Stereotypes are not hard and fast rules, but they exist for a reason. If you’re marketing an automobile modification business, reaching out to men will likely serve you better than targeting a female-only target audience. It’s not to say women don’t have an interest, but if you’re relying on these bare bone designations, it’s probably your best shot at acquiring a customer.
Feeling stumped? Look at your current audience. Whoever is currently buying your product or service—think gender and age—is likely who will show interest when they see the ad on Facebook.
This gets tricky. It costs more money to choose a broad target audience. If you sell a baby product, create a target audience of expecting parents. But you’re spending more to reach a large group. If your target audience is more precise, you save money upfront and should enjoy a larger success rate from your advertisement.
When you select a more precise target audience, your return on investment, or ROI, is better. You can choose to target people based on specific phrases that have been used on their timelines, or look to Pages and apps they use to gain insight.
Think about if you’ve ever logged into a puzzle game through your Facebook app, I bet you Facebook has tried to sell you on more downloadable puzzle games, as well—or rather a marketing-savvy individual who knows how to use Facebook ads has tried to sell you a new puzzle game.
Identify trends between followers you already have. If several of your current customers like other pages in common, consider using those as your interest picks. If you’re selling a service to musicians, consider what magazines or books they may read or musicians they may follow. The more precise you can get, the better targeted your Facebook Ad will be. Identifying niche markets gets your company in front of the eyes that are most likely to become a customer.

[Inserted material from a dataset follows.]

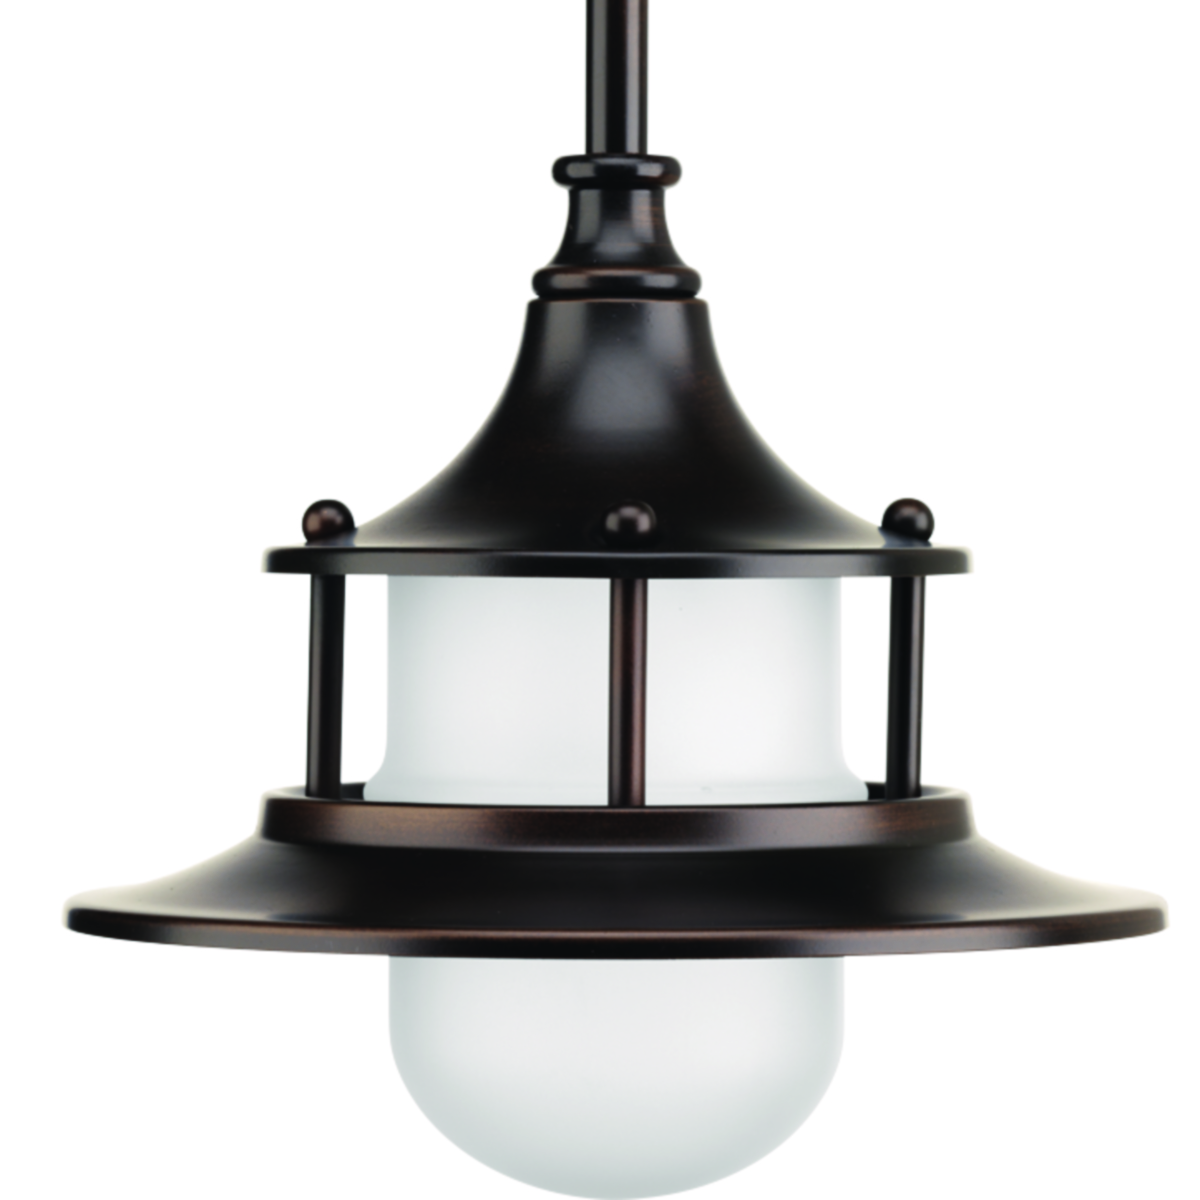 Parlay helps further your love of nautical-inspired fashion into your decor. The tiered shade supports etched glass to offer illumination and task lighting where it's needed. 9w LED source offers energy efficiency, long life and aesthetic benefits to interior spaces. This one-light stem hung mini-pendant is in an Antique Bronze finish.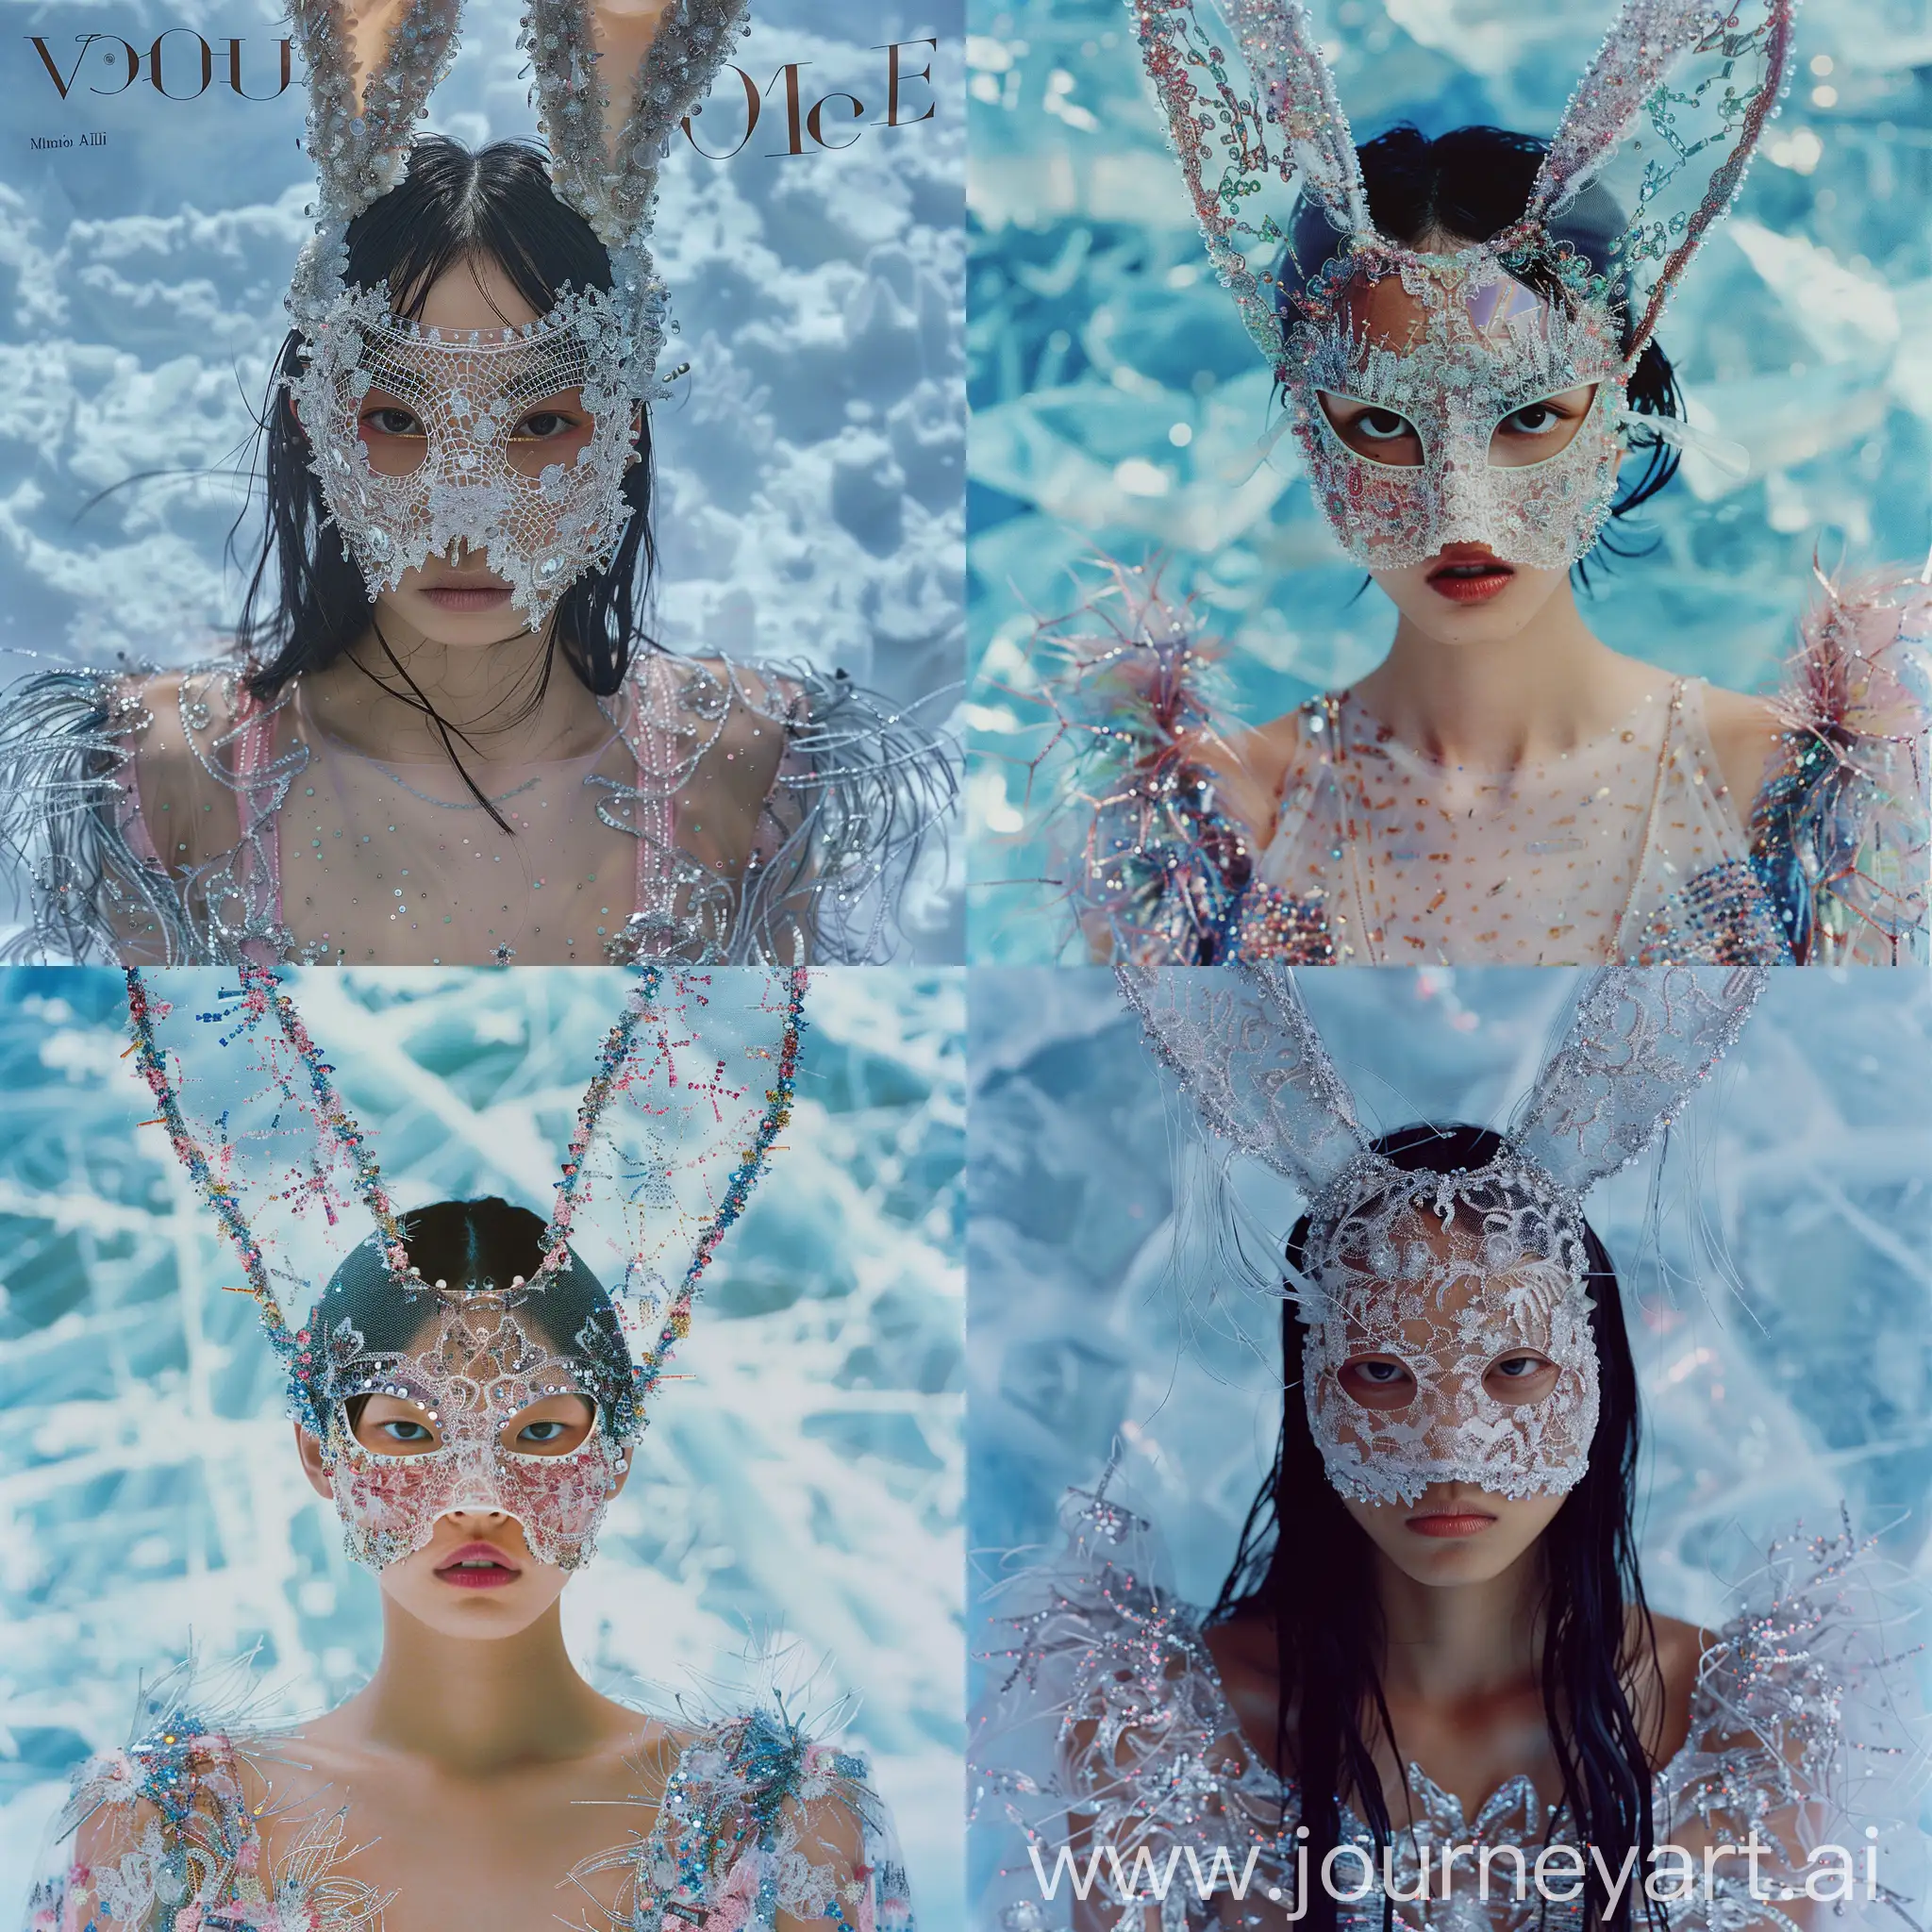 Vogue-Cover-90s-Japanese-Model-in-Lace-Mask-with-CrystalAdorned-Top-on-Ice-Background

Example: Selling a product related to breastfeeding? Ditch the “expectant moms” category and look instead to prospective or current parents who follow Le Leche League sites in your service area. That’s a more precise target audience for your product!
When you are working hard to reach a target audience, and save a little moola while doing so, it can be easy to make a slip up and choose the wrong audience members. When you do this, there is no broad group description to fall back on. But with a little risk can come great reward.
Avoid this problem by putting in the time to research thoroughly. The better you know your target audience, the easier it’ll be for you to seek them out.
There are other targeting capabilities including connections, relationship status, languages, education and workplaces. If you’re a divorce attorney trolling for new customers online, maybe don’t target a “single” audience, or anyone “in a relationship with.” It’s the same idea as only marketing student loan debt consolidation services to those who list college educations on their profile. Why would you market that service to a 15-year-old high school student? You wouldn’t.
Take the advice above and apply it to each of these sections. Make sure you are marketing ads to the right people and your ROI will skyrocket. And remember, the more accurately you can envision your customer and pinpoint their shared interests, the more success you’ll have with Facebook ads (and the more money you can potentially save on your ad.)
Those who say they don’t work aren’t using them right.